The suits are the latest in an ongoing intellectual property spat between Sonos and Google. Last week, the same court, the Northern District of California, found a Sonos multi-room “smart” speaker technology patent invalid for obviousness. In a related case decided in late July, the court upheld the validity of a Sonos patent and found that Google infringed one of its claims.

According to this week’s complaints, the companies have worked together since 2013 to integrate Google’s Play Music service into Sonos’s products. In the process, Google reportedly provided assistance on multiple occasions, supplying Sonos with “significant engineering resources, technical support, and other resources.”
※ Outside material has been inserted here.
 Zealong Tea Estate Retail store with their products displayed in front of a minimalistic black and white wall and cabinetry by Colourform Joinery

The filings said that though Google is proud of its multi-year collaboration with Sonos, the defendant has “made false claims about the companies’ shared work and Google’s technology in the lawsuits that Sonos filed against Google.” The plaintiff added that though it rarely sues for patent infringement, this time it felt compelled to do so.
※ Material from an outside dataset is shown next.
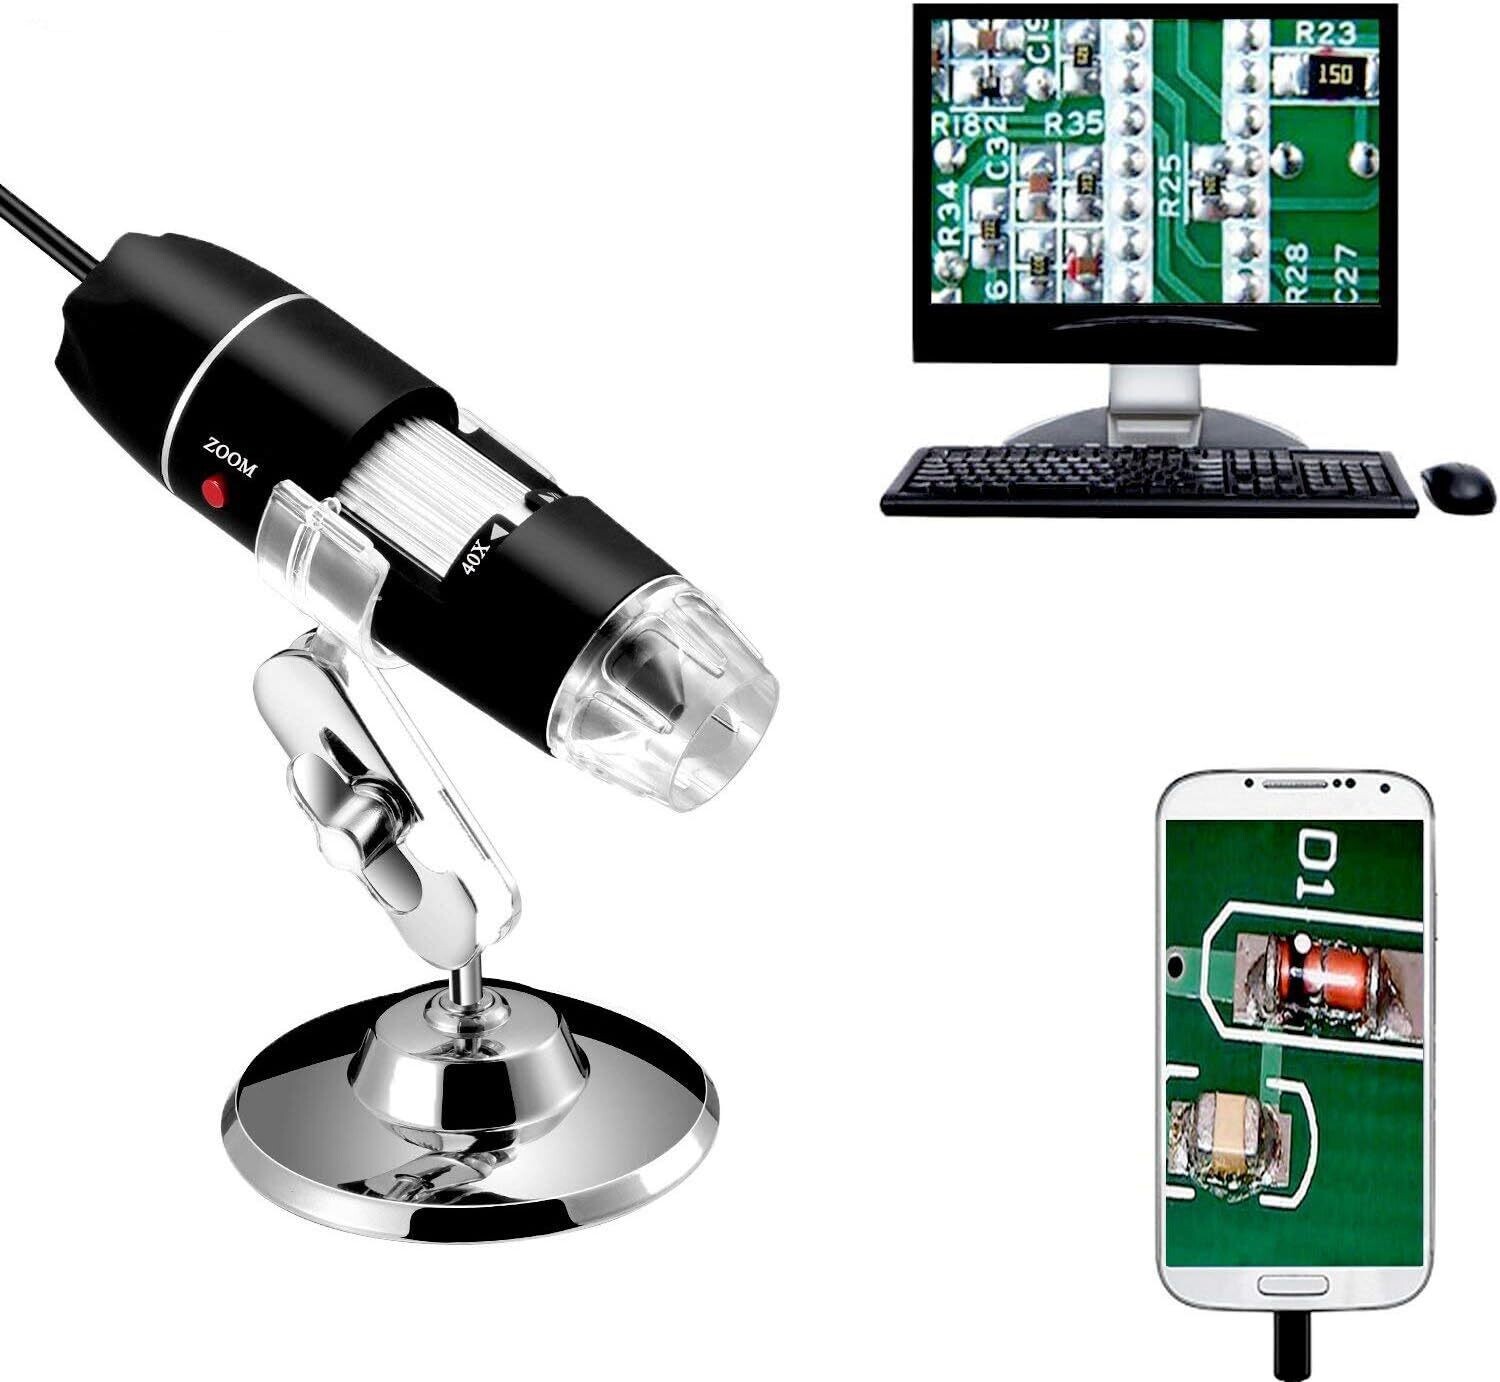 Magnification Endoscope, 8 LED USB 2.0 Digital Microscope, Mini Camera with OTG Adapter and Metal Stand, Compatible with Mac Window 7 8 10 11 Android Linux

According to the second-filed complaint, Sonos’ recently-introduced Voice Control feature “coordinate[s] among voice-controlled devices and commission[s] devices onto a wireless local area network, using technologies invented by Google.” The infringing technology is employed by a number of Sonos products including the Sonos One, Sonos One SL, and Sonos Move, the filing said.

Google argued that its innovations are “fundamental to the ability of Sonos’s products to work together as user-friendly smart devices,” and that Sonos knows this, acknowledging that the “real magic” of its products is in the software, not the “look and sound” of its speakers.

Google is represented by Quinn Emanuel Urquhart & Sullivan LLP.